A couple of weeks ago I had the quaint idea to write the history of radio in MarconiDreams blog posts. Watching the business side of American radio huff and puff toward implosion, I’ve decided there really isn’t that much to it. I think I can do it in one post. Here goes:
Heinrich Hertz and others discovered that electricity radiates. Tesla picked up on it, too, only he wanted to do away with power lines and power the world wirelessly. Marconi immediately saw a worldwide wireless telegraph. Marconi and others developed vacuum tubes that turned sound into radio waves, and we soon went way beyond dots and dashes, talking and singing through the air, too. To avoid a new Babel of stations on the same wave, governments took control of this new natural resource. Britain invented the BBC. Most countries followed suit and kept radio for their own official uses. The free-enterprise U.S. handed out licenses to private station operators.
So, for the next eighty years, America had thousands of broadcast monopolists. Radio was a closed system — the only radio there could ever be, they thought, and the radio guys satisfied their caveman urges by beating up on each other, rather than other media. They dumbed radio down to formulaic, controllable monotones.
Then came digital technology, the Internet and cellular radio-phones. AM-FM was no longer the only show in town. Now, cell phones, mainly, are the new pocket radios — only they deliver everything — audio, video, and data, which is to say, every form of information. Marconi-style radio stations are no longer the monopoly deliverer of sound through the air.

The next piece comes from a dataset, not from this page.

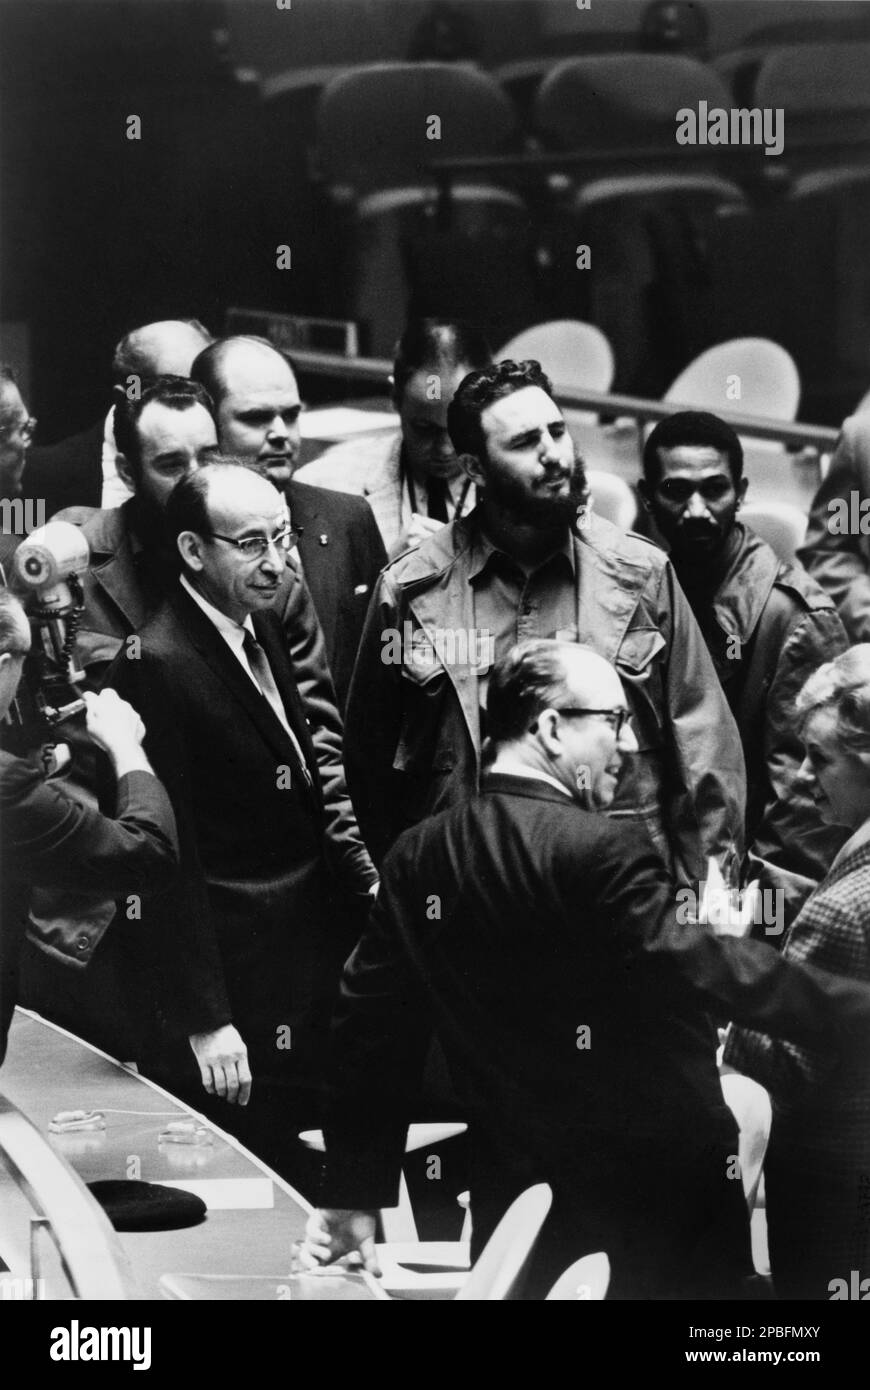 1960 , 22 settembre , Washington , USA : il presidente del politico cubano Ruz FIDEL CASTRO Ruz ( 13 agosto 1926 ) arriva alla riunione dell' Assemblea Generale delle Nazioni Unite . Foto di Warren K. Leffler della rivista U.S. News & World Report - POLITICO - POLITICA - ONU - NAZIONI UNITE - POLITICA - SOCIALISTA - SOCIALISMO - SOCIALISMO - COMUNISTA - COMUNISMO - COMUNISMO - foto storiche - RIVOLTA - RIVOLUZIONE - RIVOLUZIONARIO - conferenza stampa - conferenza stampa - barba - barba ---- Archivio GBB Foto Stock

The radio guys now, finally, see what’s coming, after a decade of denial. They conducted their big investment luau and wasted their time selling and buying an obsolescent technical infrastructure. Now the station collectors are stuck with a declining audience and many new, more attractive sources of sound. And the bean counters at the tops of these companies have no innovation skills, and no clue. End of history.
I believe a new history of radio could start now. But it’ll be written by new radio people, not now in the business, who may or may not step up and buy the devalued towers and studios, at the right bargain basement prices, and invent something exciting and new on the good part of what’s left — the only locally-originated electronic medium.